A RESERVE Bank analysis of the housing market has high-lighted the rapid growth in lending to investors.
This trend helps to explain the Reserve Bank’s unease about the state of the national housing market (see main article).
Since 1990, bank lending to owner-occupiers has grown at an annual rate of 13.5 per cent.
Bank lending to investors has grown much faster, up 21.0 per cent each year.
As a result, investor loans now account for 31 per cent of the banking industry’s total stock of housing loans, double the level in 1990. The Reserve Bank says this trend is not surprising in light of banking deregulation and increased competition in the housing loans market.
However, it does seem concerned by more recent developments. Over the past 18 months or so, investor loans have grown “exceptionally quickly”.
“Loans to investors have accounted for more than half the pick-up in monthly loan appro-vals in the current upswing in the housing cycle,” the bank said.
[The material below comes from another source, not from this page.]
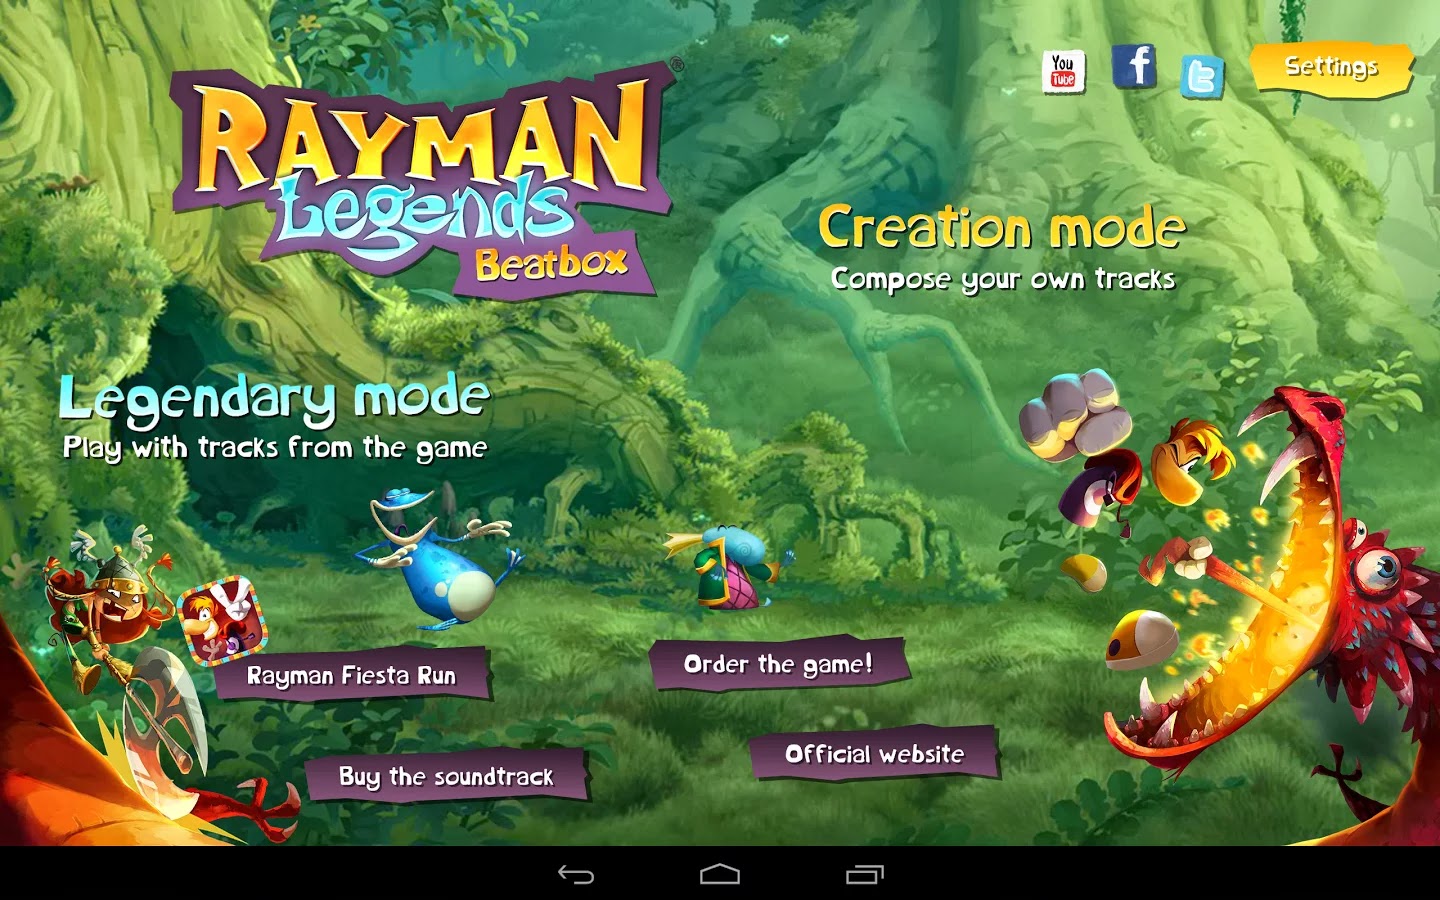 COPIA DE SEGURIDAD: Descargar Rayman® Legends Beatbox v1.0

The Reserve Bank believes this growth may partly reflect “the growing perception that returns in the share market will be lower than those seen in the preceding five years or so, with the implication that investment in property is preferable in terms of risk and return”.
It counsels investors to question the outlook for housing returns.
“The large increase in supply of properties to the rental market which is occurring at present must raise some doubts about the prospects for returns on this type of investment over the next several years,” the bank said.
“Any assumption by investors that future capital gains can be assured will have to undergo some revision.”